The executor — running the DAG

executor.py (run_pipeline(ExecutionRequest)) interprets the DAG by calling the engine entry points directly — it wraps the proven feature logic rather than reimplementing it:

  • The SQL source layer + post-source SQL ops (Scan / Filter / Join / PointInTimeJoin / RollingAggregate / Project / flatten) are run by training.run_skeleton_stage — one composed, source-optimized DuckDB query per day, already memory-bounded and resumable.
  • The Pythonic RayUdfTransform (embedding enrichment) is run by dynamic_feature.run_enrich_stage — the Ray + Lance avg-pool stage, lazy and streamed (see Enrich Stage).
python
from daedalus.pipelines.executor import run_pipeline, ExecutionRequest

result = run_pipeline(ExecutionRequest(pipeline=pipeline, run_config=cfg))
result.output_path   # the final stage's output directory

The enrich stage only runs when the pipeline declares a RayUdfTransform (pipeline.by_kind("ray_udf_transform")) and enrichment isn't skipped; it runs under the 16c / 64 GiB RayEnvelope. See the Training Pipeline overview for the full per-day flow.

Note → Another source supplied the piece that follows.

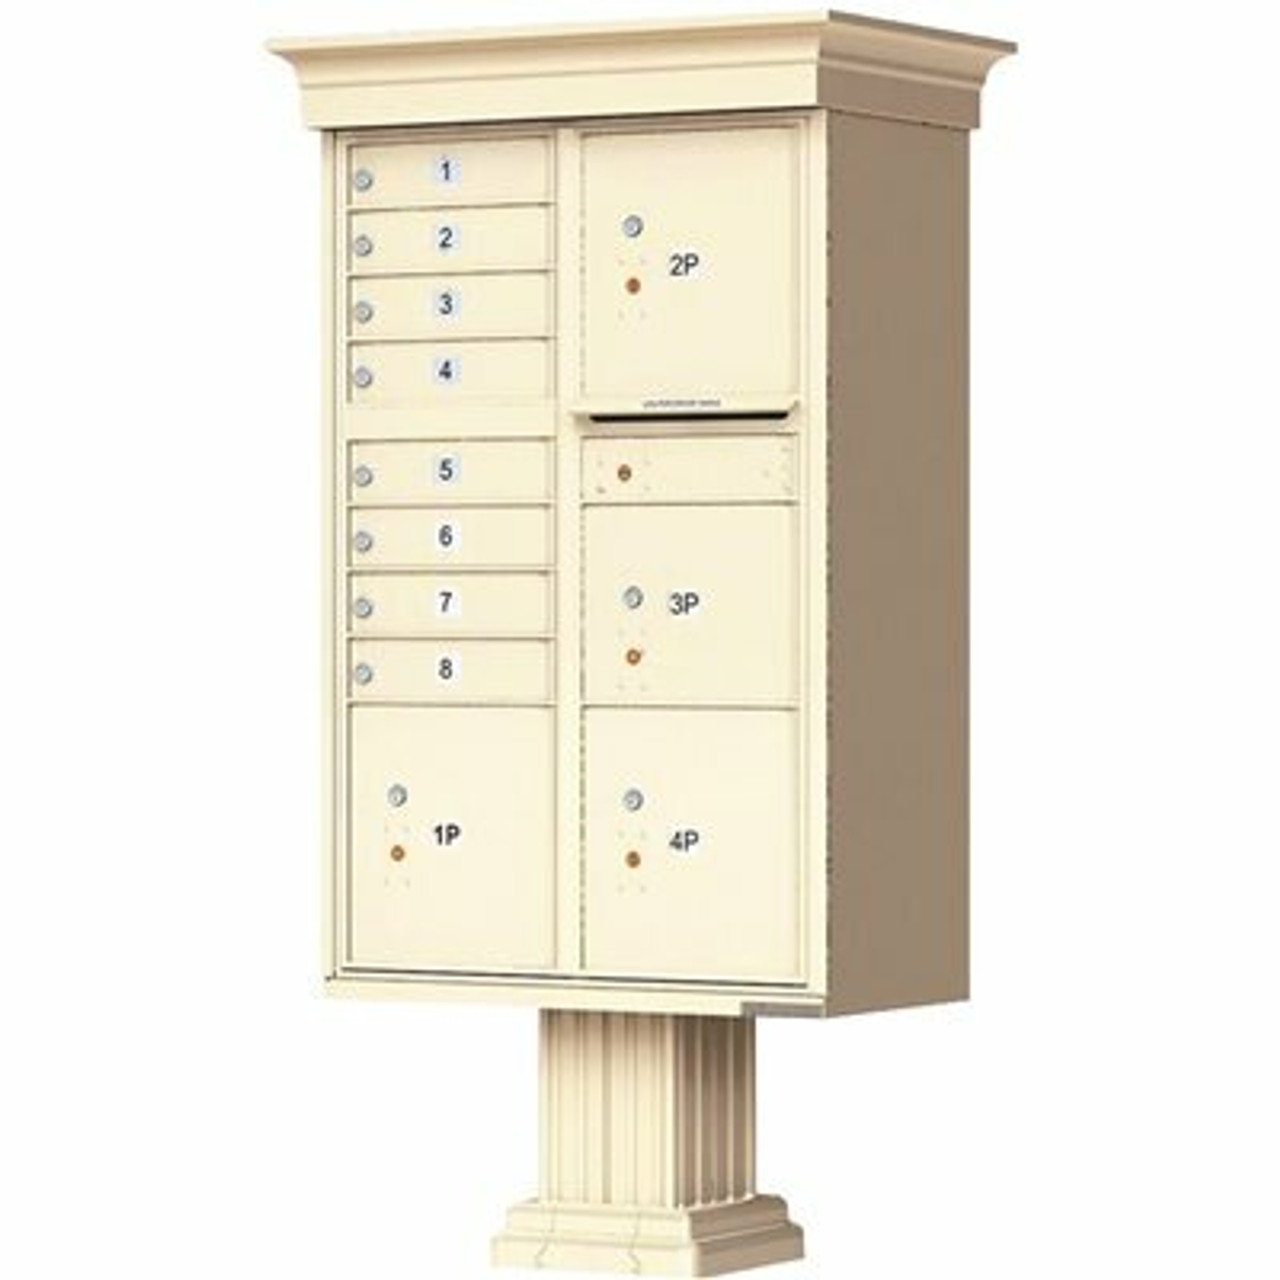 Florence 1570 Series 8-Mailboxes, 1-Outgoing, 4-Parcel Lockers, Vital Cluster Box Unit With Vogue Classic Accessories - 2474398

Design rule — no query optimizer

This is load-bearing (see src/daedalus/pipelines/AGENTS.md):

Sources self-optimize; daedalus owns only post-source compute

There is deliberately no LogicalPlanPhysicalPlan duality, no cost model, and no SQL-fusion optimizer. The data sources (DuckLake / Snowflake, and DuckDB over them) already optimize the source-side query. daedalus owns only the post-source compute layer (Arrow-UDF + Ray-UDF), governed by exactly three levers: lazy evaluation, work partitioning, batch streaming.

So the architecture is two thin layers — a SQL source layer (compose pushdown-friendly SQL, hand it to the source) and a post-source compute layer — and the engine is a declared per-operator field, never something an optimizer chooses. See Arrow-Native Design for the data-format half of the same contract.